**PROBLEM REQUIREMENTS**. The response must consist of the lines below from the one with "Miyano and Kurekawa" through the one with "Hand embroidered floral bassinet bag", exactly as they appear and with both ends kept.

**RECORDS**.
┌──
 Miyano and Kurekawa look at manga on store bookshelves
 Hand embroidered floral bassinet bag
└──
┌──
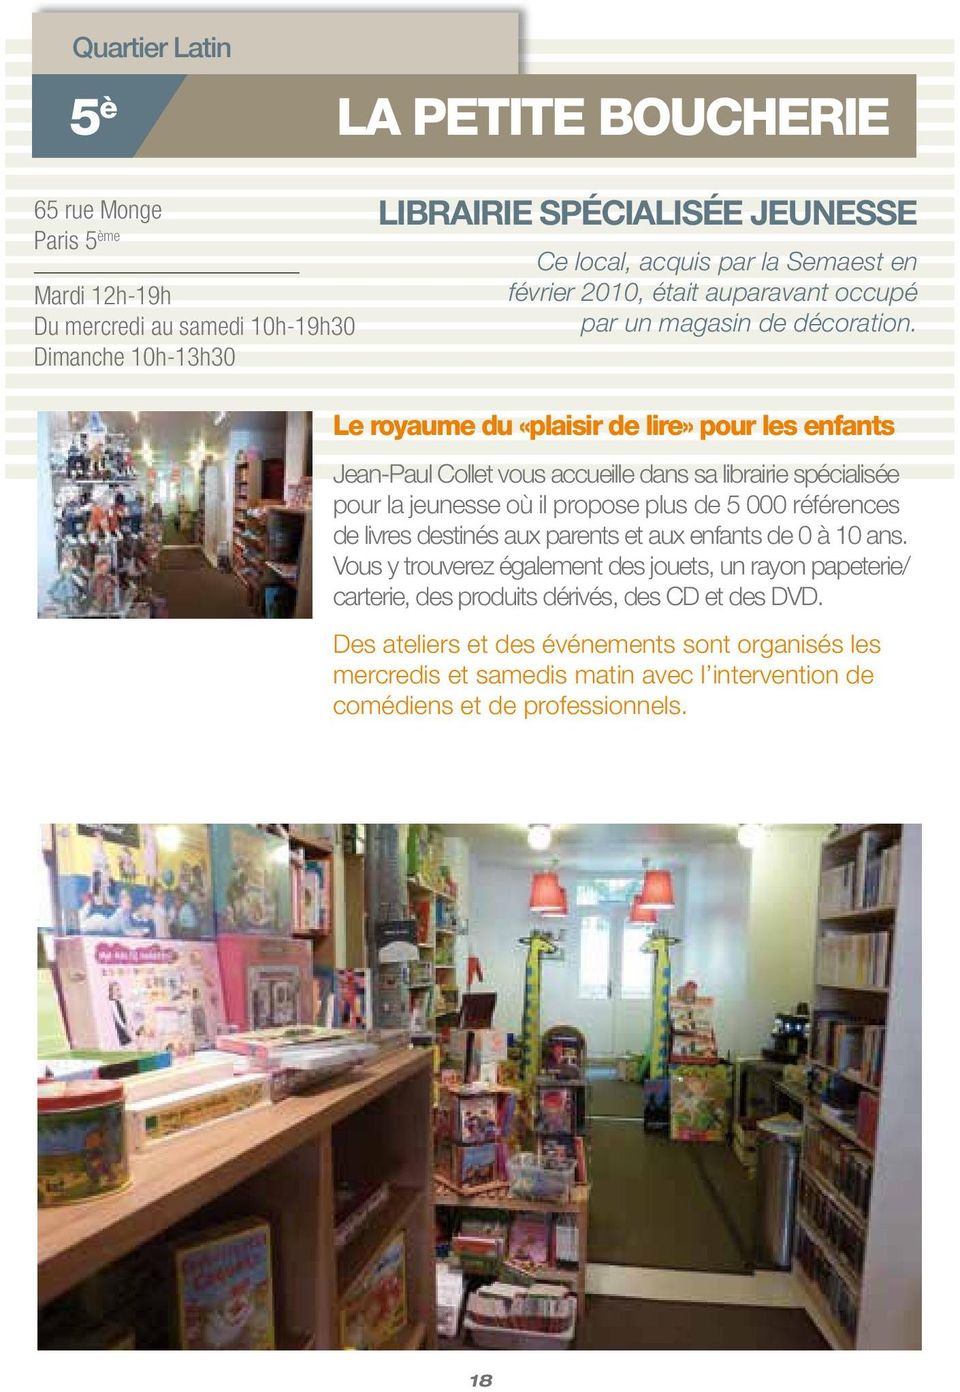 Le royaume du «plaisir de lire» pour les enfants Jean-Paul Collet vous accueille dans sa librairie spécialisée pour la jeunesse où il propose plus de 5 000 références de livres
└──
┌──
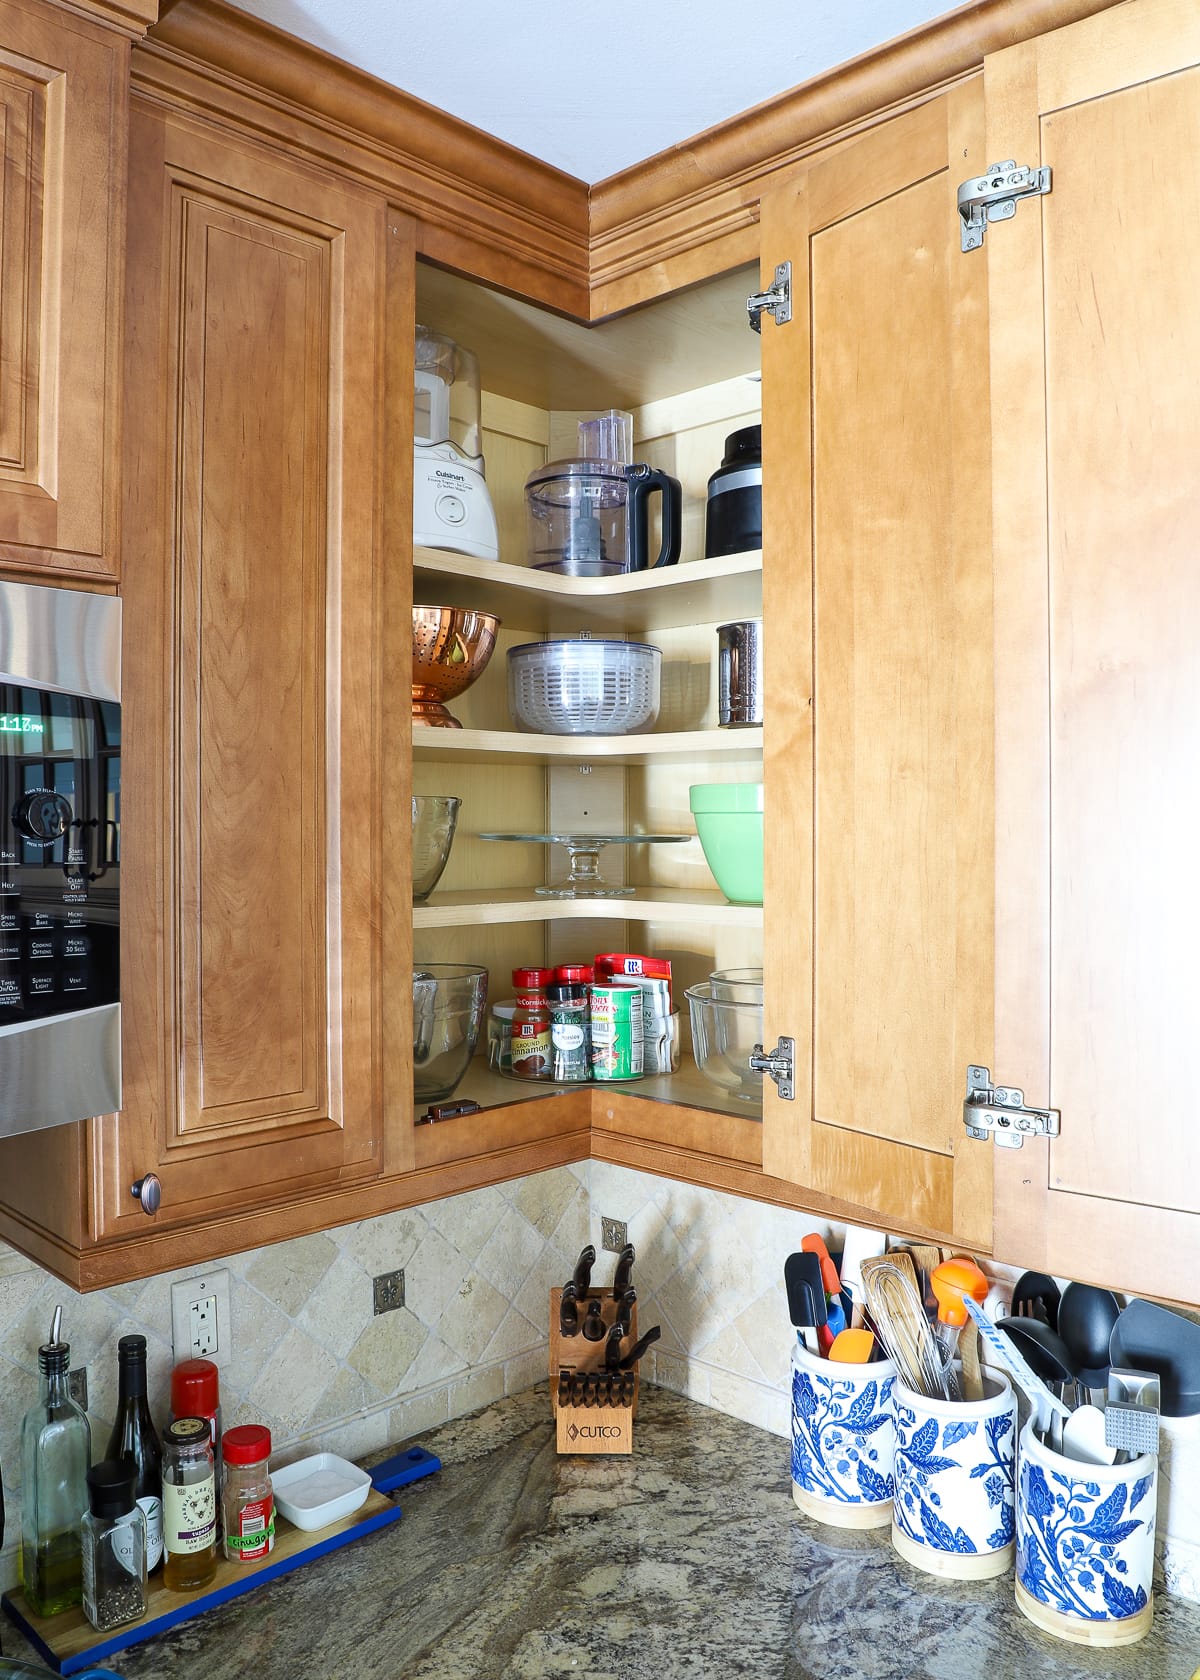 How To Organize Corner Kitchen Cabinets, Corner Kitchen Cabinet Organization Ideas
└──
**RESPONSE TO THE TASK**.
 Miyano and Kurekawa look at manga on store bookshelves
 Hand embroidered floral bassinet bag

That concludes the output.